Death Valley flooded by "thousand-year rainfall event" •

Death Valley flooded by "thousand-year rainfall event"

Today’s Image of the Day from NASA Earth Observatory features Death Valley, where a “thousand-year rainfall event” dumped 75 percent of the local average annual rainfall in just three hours on August 5, 2022.

Flash flooding in Furnace Creek stranded nearly 1,000 people inside of Death Valley National Park, as debris swept over roads and washed away cars. 

“The deluge dropped 1.46 inches (3.7 centimeters), which came close to breaking the single-day record for highest rainfall ever received in the park, which was 1.47 inches in April 1988. It did, however, break the record for the most rain recorded in August, which averages just over a tenth of an inch for the whole month,” says NASA.

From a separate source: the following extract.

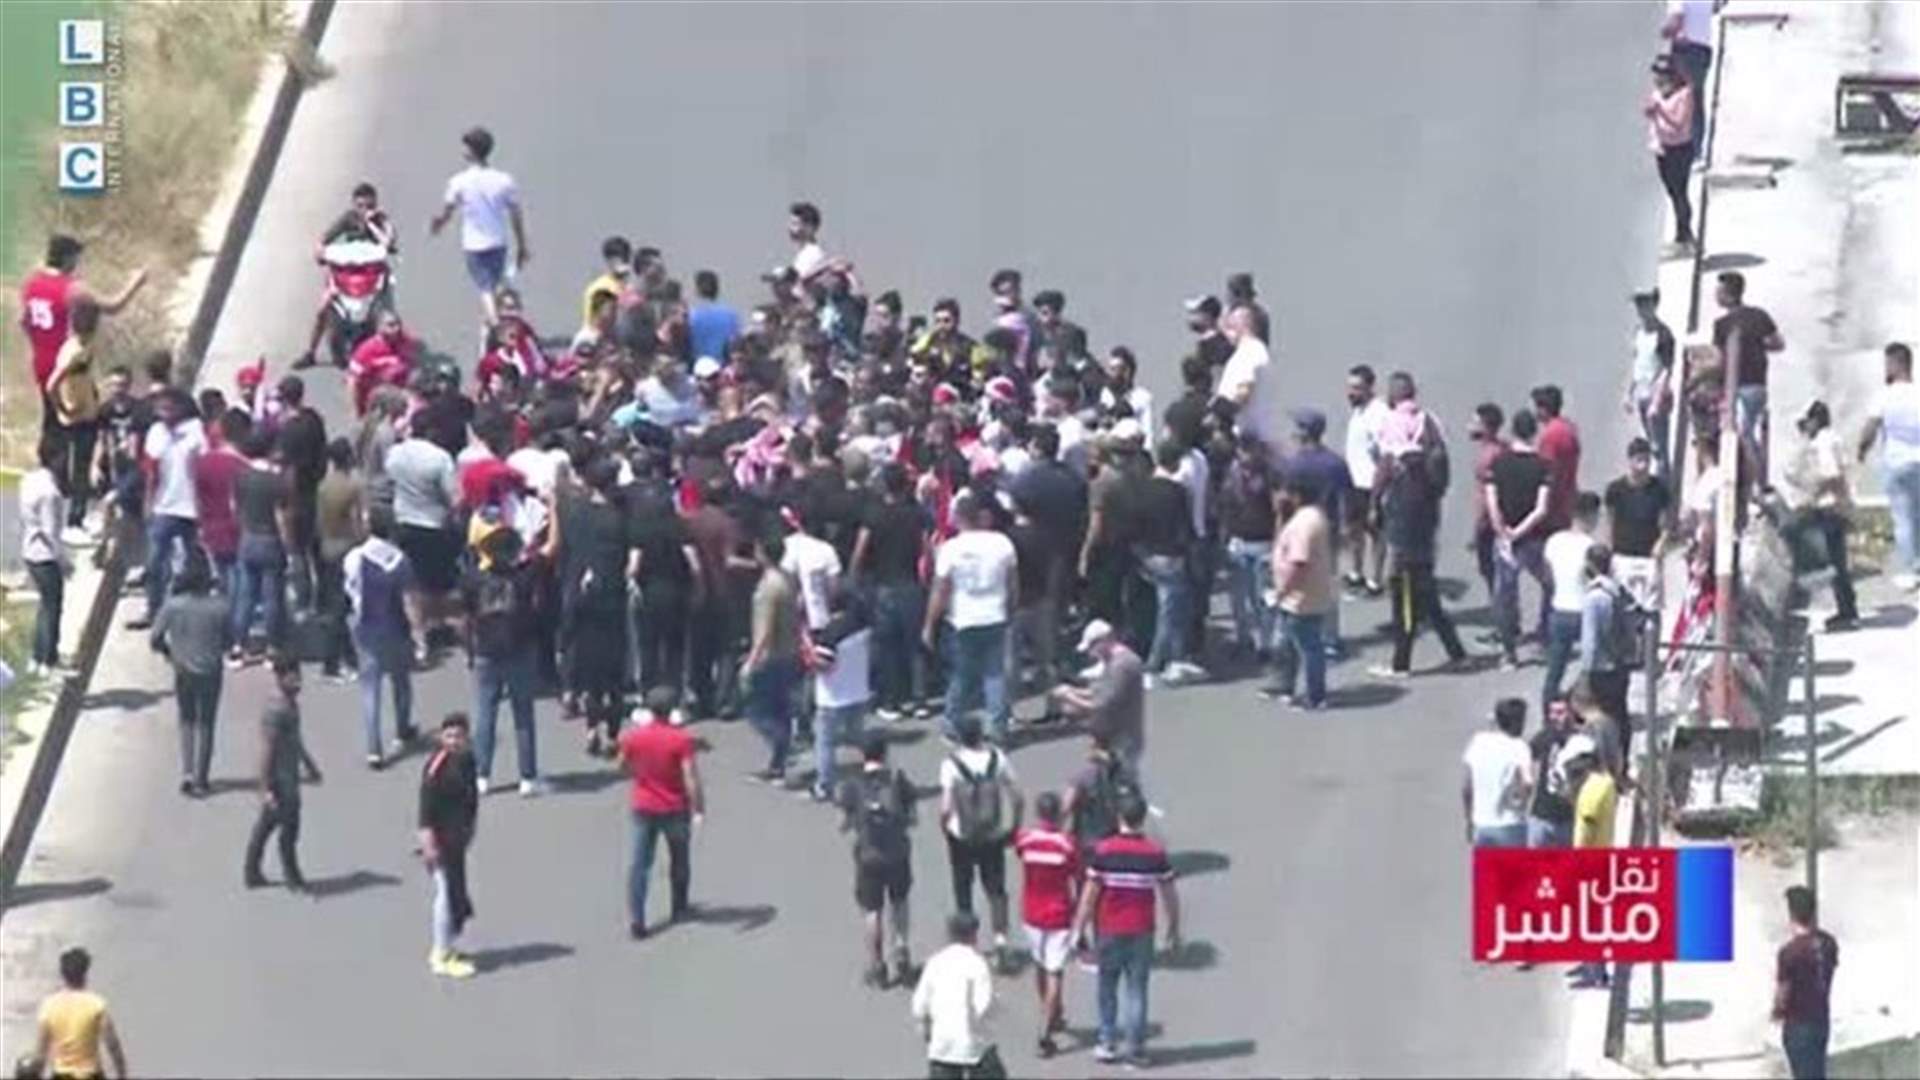 Tensions among protesters at Martyrs Square – [VIDEO]
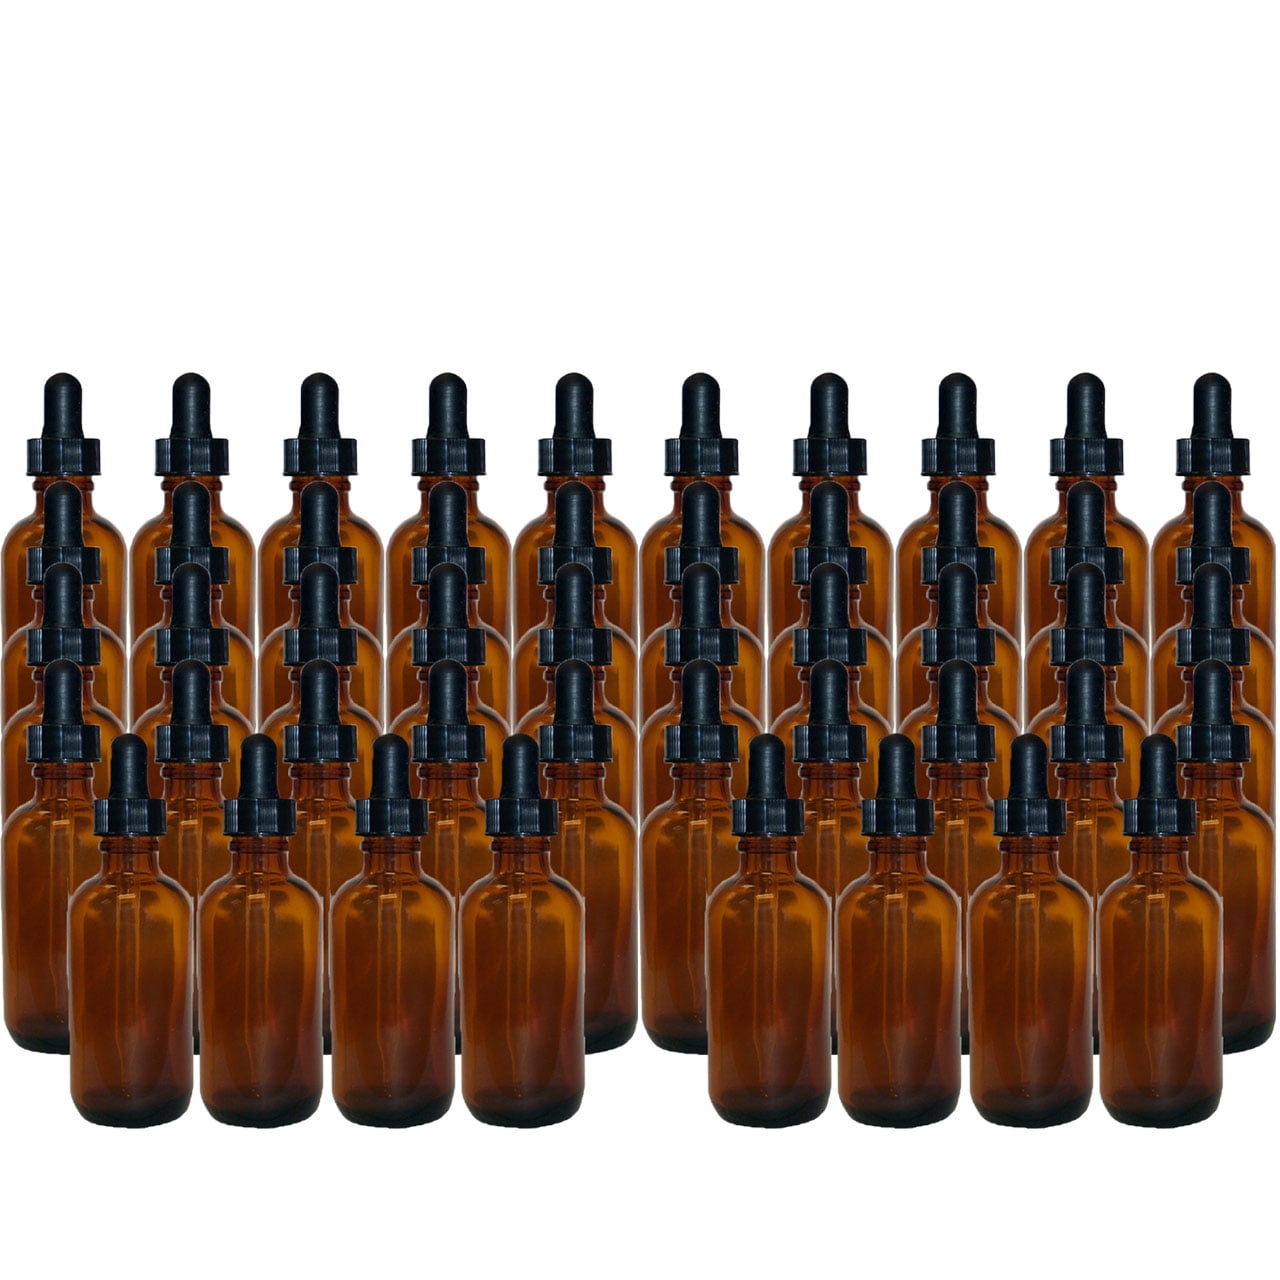 Amber 2oz Dropper Bottle (60ml) Pack of 48 - Glass Tincture

“By August 6, the flood water had mostly receded, and the stranded visitors were able to exit the park escorted by National Park Service personnel. But extensive mud and gravel deposits still remained, leaving some roads impassable; they were expected to remain closed into mid-August, according to a statement by the Park Service.”

On July 10, 1913, Furnace Creek recorded a temperature of 134 degrees Fahrenheit – the hottest air temperature in world history. The second hottest temperature recorded in the park was 130°F on August 16, 2020.

The false-color image was captured on August 7, 2022 by the Moderate Resolution Imaging Spectroradiometer (MODIS) on NASA’s Aqua satellite.